→ **Task directions**:
Restate the listing below word for word; no picture is to be carried over.
[[ Dataset extract open ]]
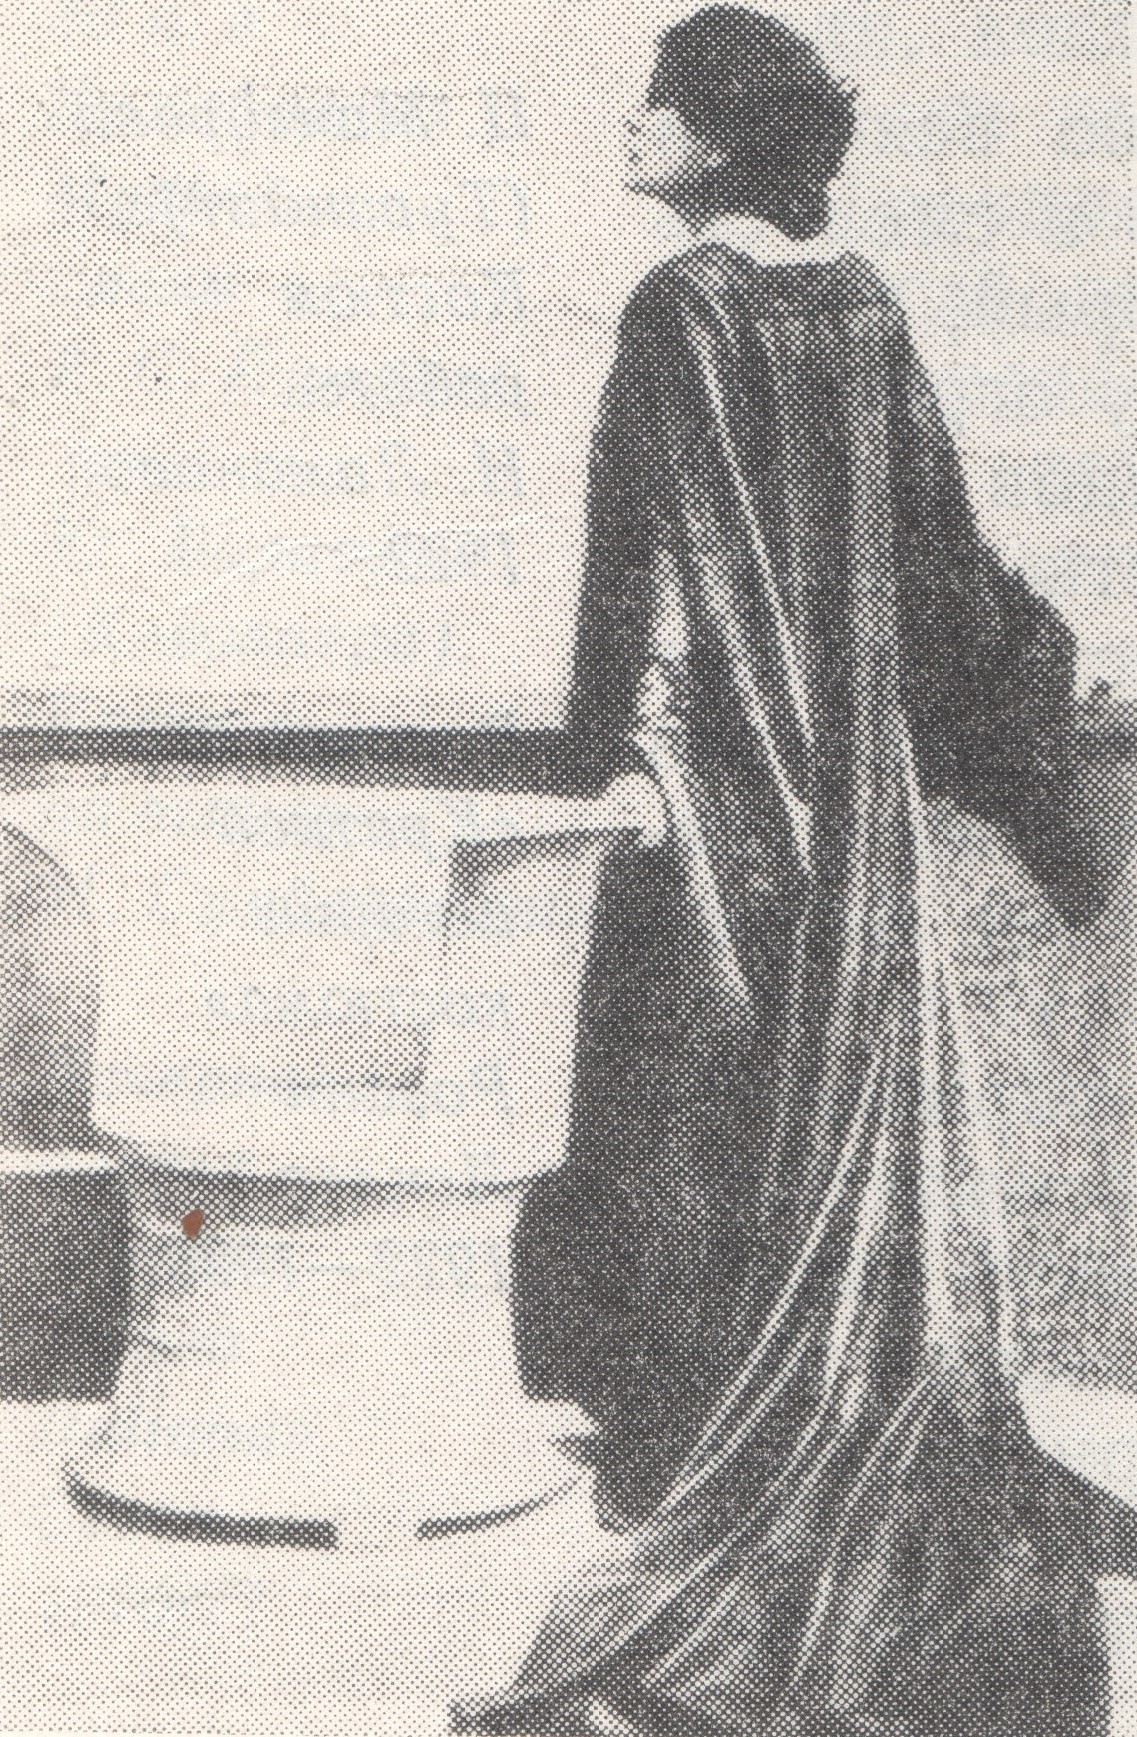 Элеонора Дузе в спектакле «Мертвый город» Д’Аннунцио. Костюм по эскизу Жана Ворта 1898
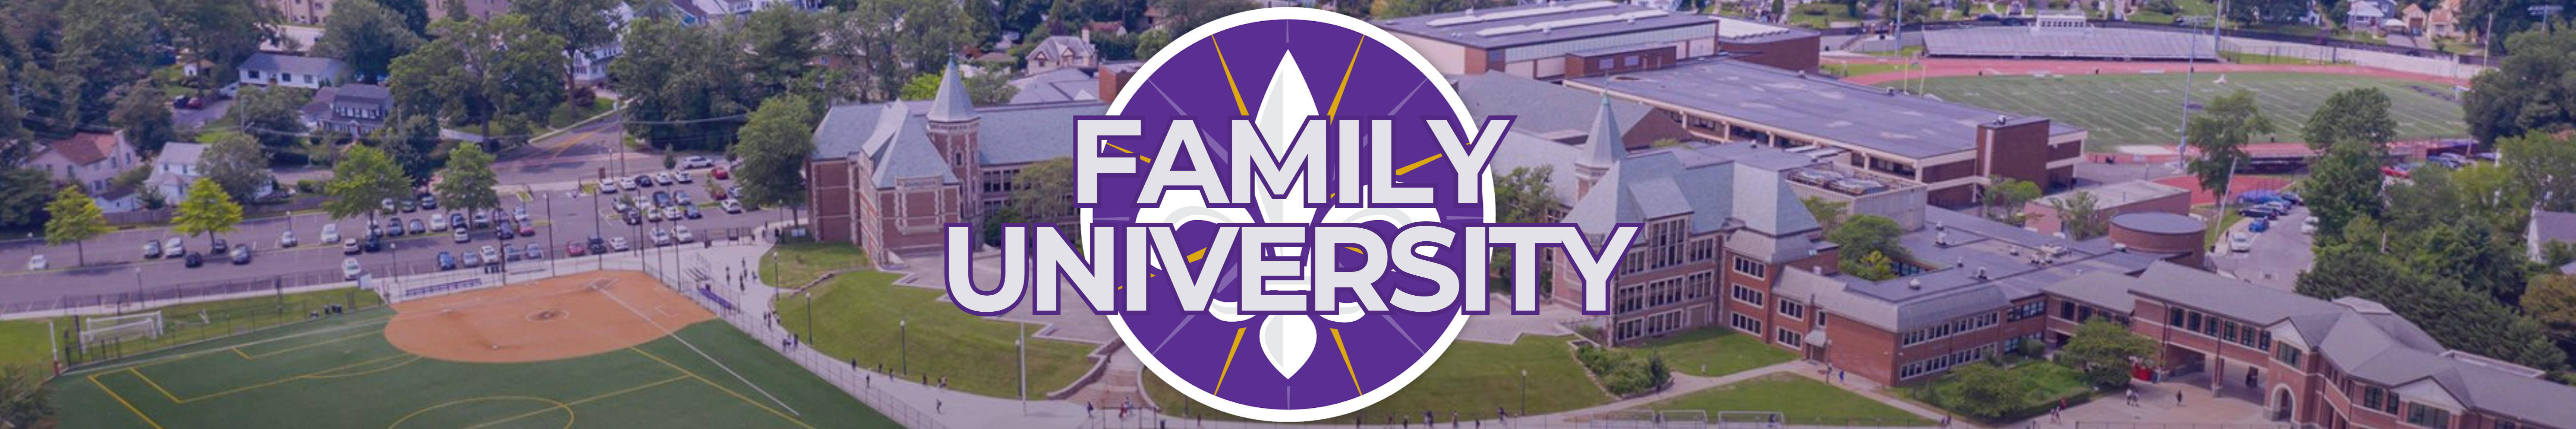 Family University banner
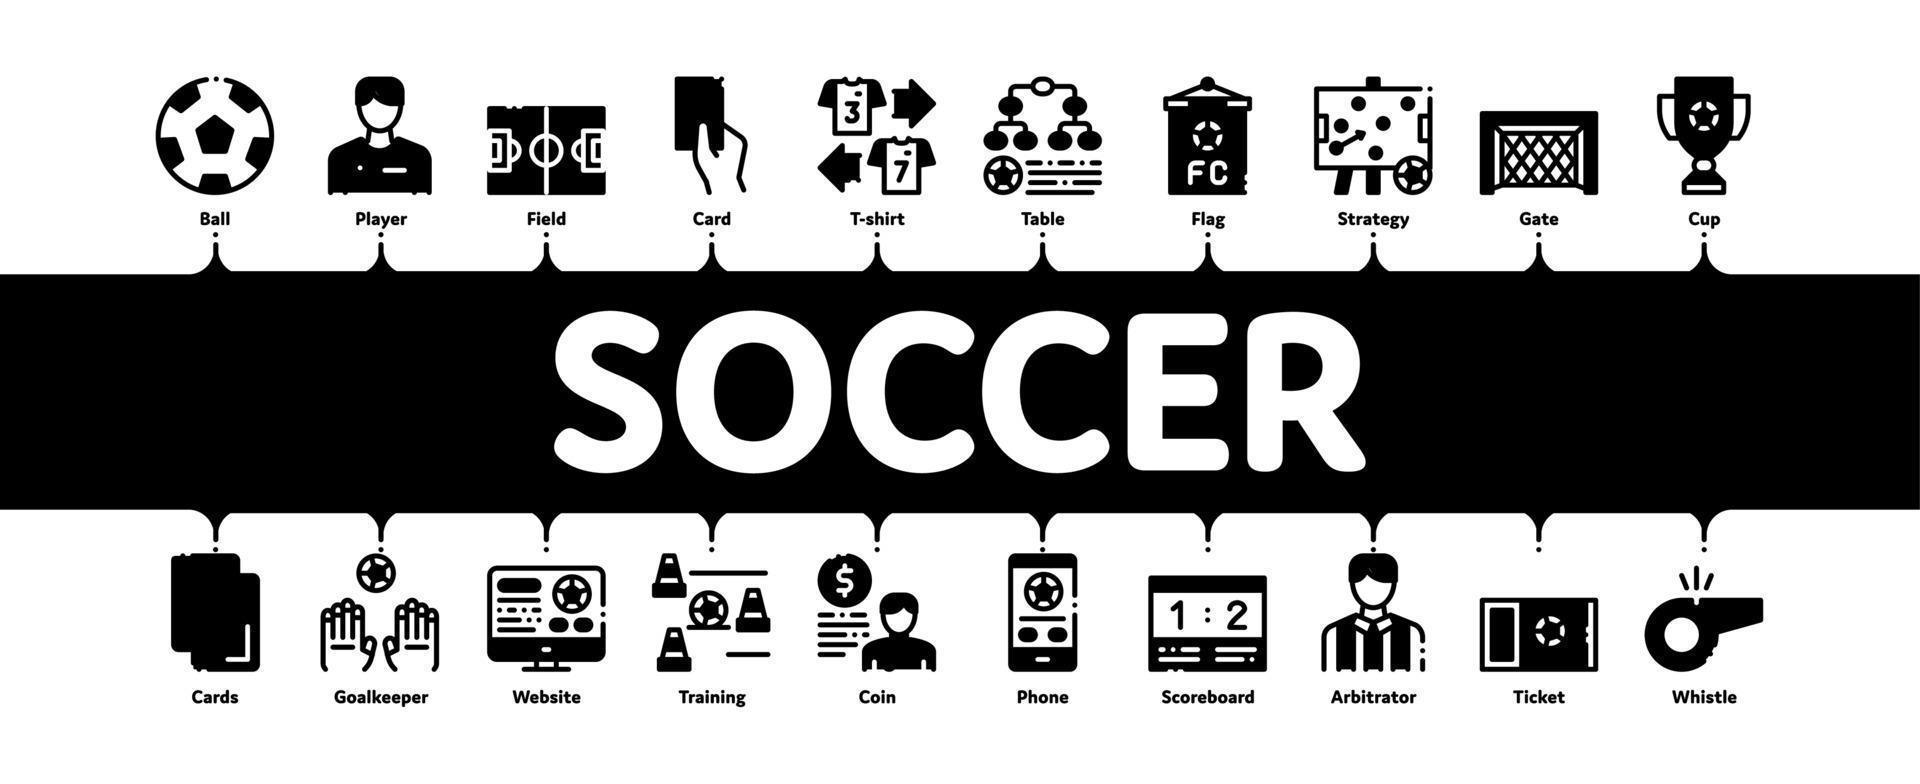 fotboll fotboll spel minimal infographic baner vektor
[[ Dataset extract closed ]]
→ **Reply to the task**:
 Элеонора Дузе в спектакле «Мертвый город» Д’Аннунцио. Костюм по эскизу Жана Ворта 1898
 Family University banner
 fotboll fotboll spel minimal infographic baner vektor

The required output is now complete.